Race officials blamed warming temperatures and rapidly growing development for permanent changes they are making to the nation’s premiere dogsled race. From now on, the ceremonial start of the race in Anchorage will be 7 miles less than in previous years. The actual competitive race will start the next day as usual, but it will move 30 miles north of traditional starting point Wasilla to the village of Willow. Wasilla is home to the headquarters of the Iditarod, but it is also one of the fastest growing regions in Alaska.

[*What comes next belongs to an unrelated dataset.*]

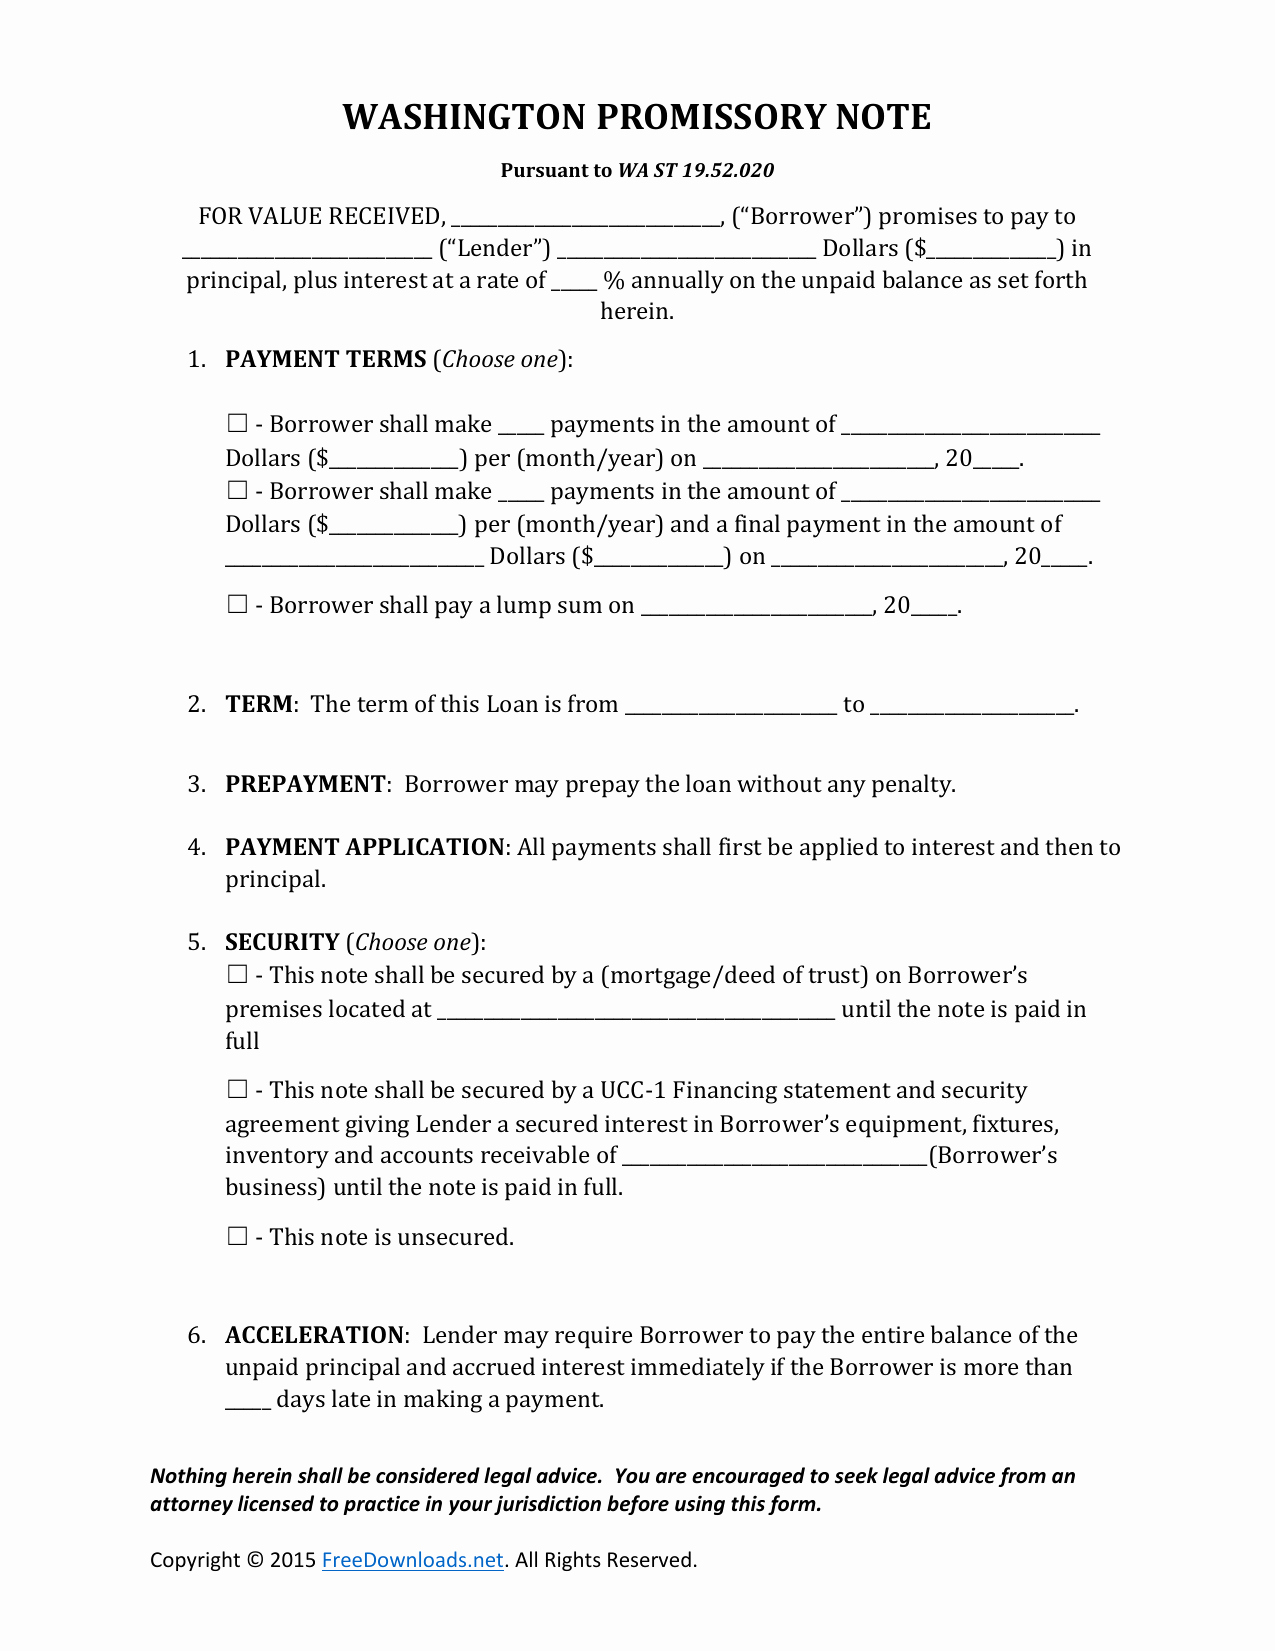 Free Secured Promissory Note Template Beautiful Download Washington Promissory Note form Pdf

Stan Hooley, executive director of the Iditarod Trail Committee, said: “A lot of development in the area makes it less desirable, and there have been less-than-winter conditions. It just doesn’t make sense to us to make choices that are not in the best interest of both the two- and four-legged competitors.”
The changes have actually been implemented since 2002, but the decision has only recently been made to make them permanent. The competitive launch has been unable to take place in Wasilla since 2002 because of poor winter conditions. In 2003, the weather was so warm that the launch was forced to be held 200 miles away in Fairbanks.

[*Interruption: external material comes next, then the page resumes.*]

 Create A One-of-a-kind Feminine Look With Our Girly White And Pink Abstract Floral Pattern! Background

Willow has been the site of the launch since 2004. Race officials prefer it not only for the snow but for its more rural setting. The former race route through Wasilla is now bordered by housing and new commercial developments all the way to Knik, home of the founder of the Iditarod. Knik will also be bypassed. Race officials were not thrilled to change the traditional race, but believed the changes were absolutely necessary.
Hooley said: “No matter how many resources we have available, conditions will never be as race-ready as Willow. No matter what the weather conditions would be, there’s a lot of asphalt and other things that don’t mix well with competitive racing. To be around that is stressful for the dogs.”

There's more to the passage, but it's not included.